● **WHAT YOU HAVE TO DO**
Reproduce the entries. Match every word.

---- SOURCE INFORMATION

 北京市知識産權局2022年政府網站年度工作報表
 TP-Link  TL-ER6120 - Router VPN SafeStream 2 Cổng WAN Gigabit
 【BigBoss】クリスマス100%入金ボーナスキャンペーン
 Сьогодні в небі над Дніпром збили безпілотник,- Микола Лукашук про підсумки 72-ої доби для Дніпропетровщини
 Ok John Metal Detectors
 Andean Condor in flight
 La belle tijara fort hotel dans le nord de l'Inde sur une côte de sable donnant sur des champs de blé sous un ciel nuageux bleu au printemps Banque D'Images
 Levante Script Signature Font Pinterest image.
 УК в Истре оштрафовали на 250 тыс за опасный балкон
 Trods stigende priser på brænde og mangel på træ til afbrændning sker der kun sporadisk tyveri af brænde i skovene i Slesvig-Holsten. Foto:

--------

● **ANSWER FOR THIS EXERCISE**
 北京市知識産權局2022年政府網站年度工作報表
 TP-Link  TL-ER6120 - Router VPN SafeStream 2 Cổng WAN Gigabit
 【BigBoss】クリスマス100%入金ボーナスキャンペーン
 Сьогодні в небі над Дніпром збили безпілотник,- Микола Лукашук про підсумки 72-ої доби для Дніпропетровщини
 Ok John Metal Detectors
 Andean Condor in flight
 La belle tijara fort hotel dans le nord de l'Inde sur une côte de sable donnant sur des champs de blé sous un ciel nuageux bleu au printemps Banque D'Images
 Levante Script Signature Font Pinterest image.
 УК в Истре оштрафовали на 250 тыс за опасный балкон
 Trods stigende priser på brænde og mangel på træ til afbrændning sker der kun sporadisk tyveri af brænde i skovene i Slesvig-Holsten. Foto:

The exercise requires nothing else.